MDD-Net: Multimodal Depression Detection through Mutual Transformer
Md Rezwanul Haque, Md. Milon Islam, S M Taslim Uddin Raju, Hamdi Altaheri, Lobna Nassar, Fakhri Karray

TL;DR
This paper introduces MDD-Net, a multimodal neural network utilizing mutual transformers to improve depression detection accuracy from social media acoustic and visual data, outperforming previous methods by up to 17.37% in F1-Score.
Contribution
The paper presents a novel multimodal depression detection network that effectively fuses acoustic and visual features using mutual transformers, advancing the state-of-the-art performance.
Findings
Outperforms state-of-the-art by up to 17.37% F1-Score
Efficient multimodal feature fusion with mutual transformers
Validated on the D-Vlog dataset
Abstract
Depression is a major mental health condition that severely impacts the emotional and physical well-being of individuals.

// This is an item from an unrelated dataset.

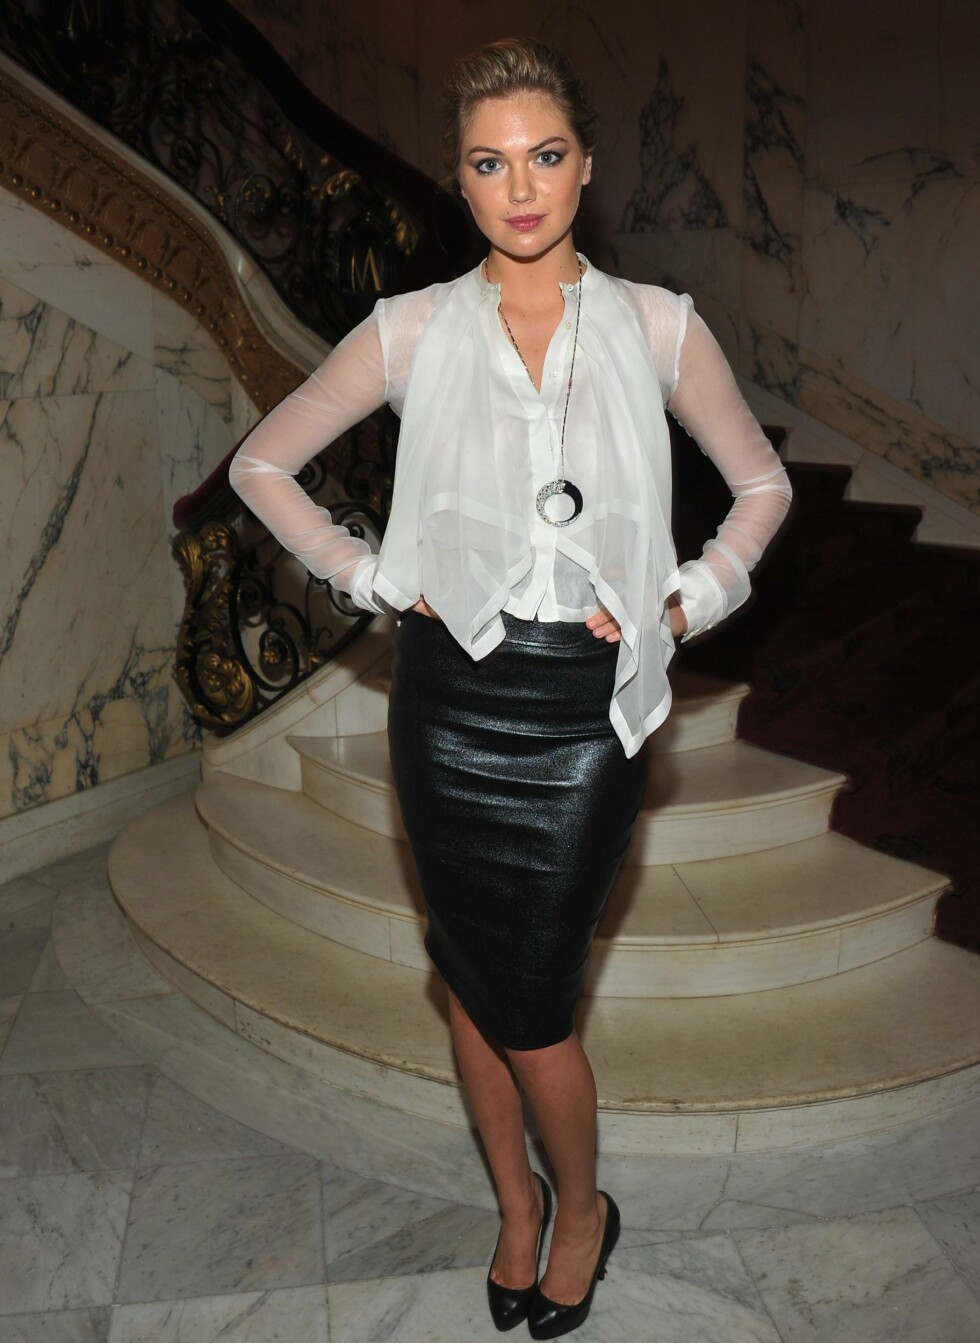 Kate er kjent for sine runde former og forførende stil. Foto: All Over Press

The simple nature of data collection from social media platforms has attracted significant interest in properly utilizing this information for mental health research. A Multimodal Depression Detection Network (MDD-Net), utilizing acoustic and visual data obtained from social media networks, is proposed in this work where mutual transformers are exploited to efficiently extract and fuse multimodal features for efficient depression detection. The MDD-Net consists of four core modules: an acoustic feature extraction module for retrieving relevant acoustic attributes, a visual feature extraction module for extracting significant high-level patterns, a mutual transformer for computing the correlations among the generated features and fusing these features from multiple…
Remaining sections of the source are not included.